On a recent NestJS PR, Copilot raised an empty-string validation concern on a DTO: "" passing @IsString() and hitting a WHERE IS NOT NULL partial unique index. The skill auto-skipped the thread because a later commit had reformatted the DTO and GitHub marked the thread outdated. The reformat didn’t fix the underlying concern — it just moved the lines. When I looked at the thread manually, the problem was still real, and a Round 2 pass promoted it to a VALID IMPROVEMENT fix.

Why it happens. isOutdated is a heuristic about anchoring, not about correctness. It fires whenever the line numbers shift, for any reason — autoformatter runs, neighboring edits, stacked-PR rebases. None of these events say anything about whether the original concern is resolved.

Detection signal. Any skipped isOutdated thread on a PR that ships with a real bug in the same area. Harder to detect in advance — requires a habit of sampling skipped threads, not just trusting the skip.

Prevention.

  • Treat isOutdated as a heuristic, not a correctness signal.
  • If the skill auto-skips these threads, it should still log them as OUTDATED in the round’s Comment Registry so they remain discoverable during a second pass.
  • Give the user a manual override to reconsider any outdated thread.

Operationally, isOutdated is correlated with cross-PR line shifts (stacked PRs where one commit’s reformat triggers the flag on another PR’s thread) and with autoformatter runs. Treat these events as “line moved”, not “concern resolved”.

Pattern 7 — Cross-Round Twin Detection (Strength)

One-line definition: The reviewer applies a fix from an earlier round as a template and catches the same shape in a sibling file or class on the next round.
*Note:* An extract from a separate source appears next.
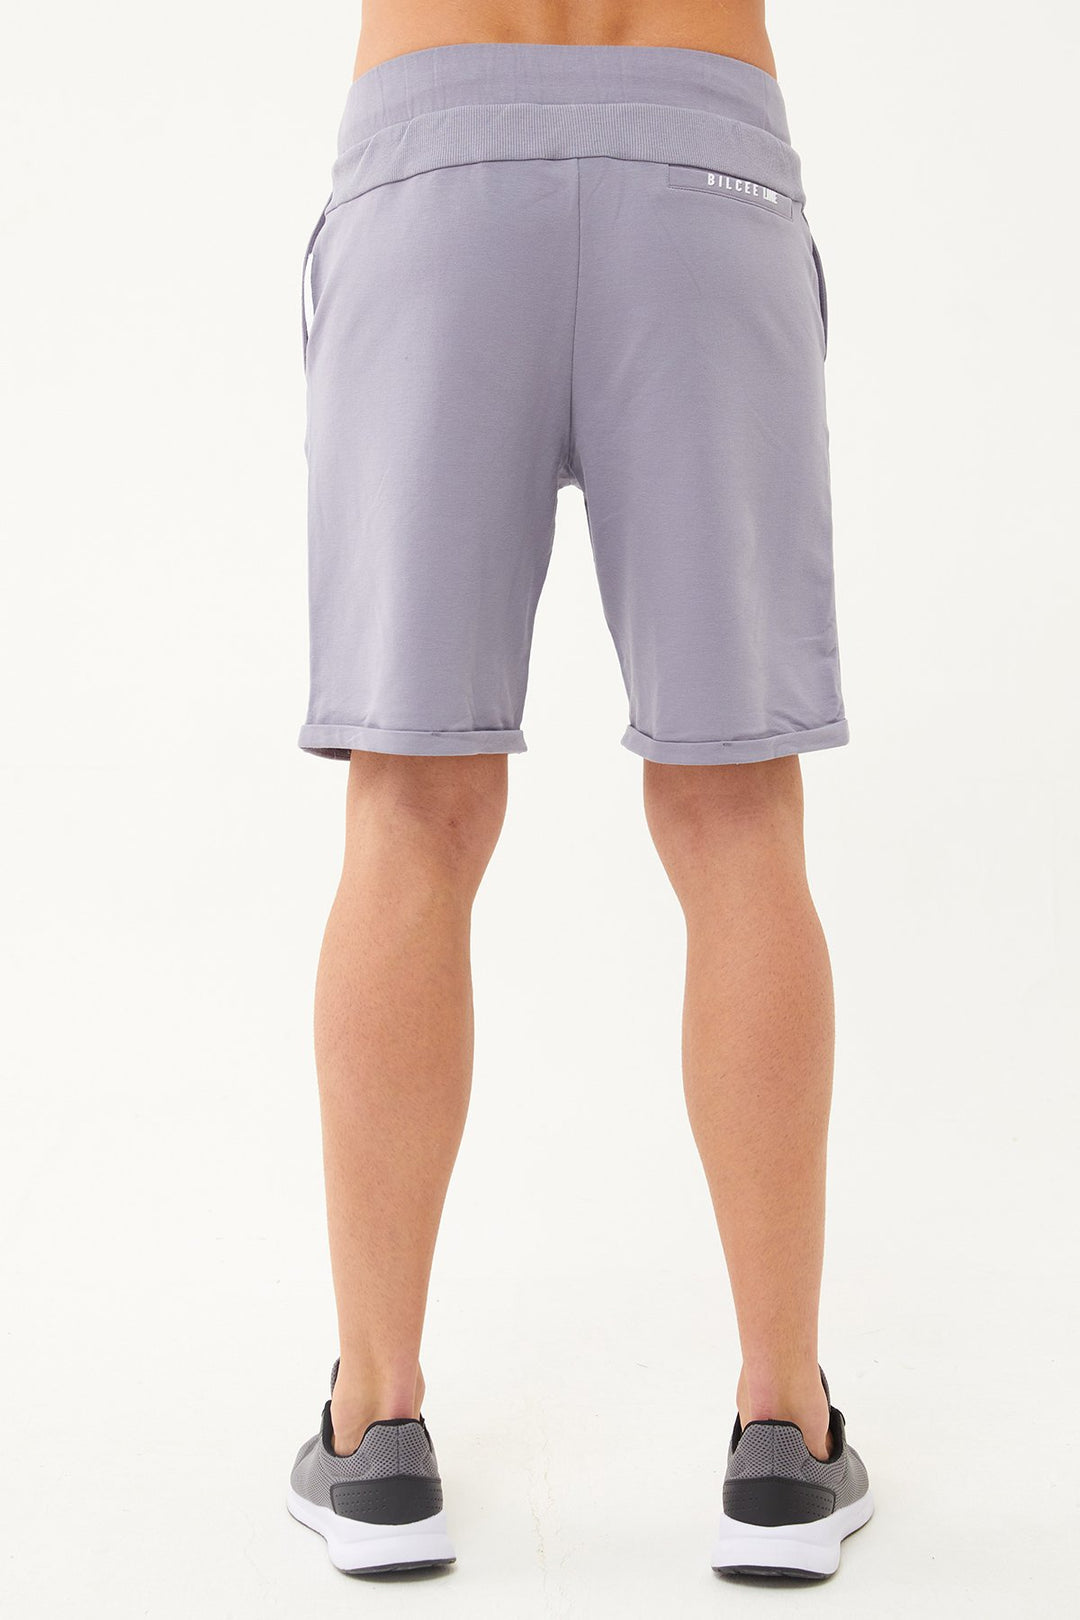 Herren-Shorts aus Baumwolle

The first six patterns are all things you want to suppress. Pattern 7 is the opposite — a behavior worth deliberately amplifying, because it converts one fix into a structural cleanup across a codebase.

Pattern 7 emerged on PR #858 (April 28). Across four rounds, the bot kept applying earlier fixes as templates:

  • R3-1: bot flagged a per-ref publishContactUpserted loop on SyncAttendeeContactListener. Fix: bulk emit.
  • R4-1: bot flagged a per-ref publishContactUpserted loop on AttendeeContactListener — different class, different @OnEvent topic, but the same shape. Fixed identically.
  • F-T-4 (proactive): bot flagged missing addBulkWithSentry on BlockSearchListener. Fix landed.
  • R2-1: bot flagged the same gap on ContactSearchListener. Same fix applied.

Why it works. The bot reads the PR’s diff context — prior commits plus summary comments — when it reviews a new round. When a fix lands in commit N, commit N+1’s review prompt includes that fix as input. The bot applies it as a template, looking for the same shape elsewhere in changed files. The PR diff context is acting as semantic memory across rounds.

How to amplify.

  • Use the round summary comment to describe the fix shape, not just the file:line. The bot reads the comment. “Replaced per-ref emit with publishBulkAsync + listener addBulk” is a template; “Fixed N+1 emit in attendee listener” is not.
  • After fixing one site, deliberately leave nearby twin code for the next cascade. Let the bot find it. Triggering @claude review on every commit gives it the surface to scan.
  • Multi-round validation (R1 → R5+) is what surfaces these. Single-round PRs miss the twins entirely. Plan for multiple rounds when the change shape is likely to repeat.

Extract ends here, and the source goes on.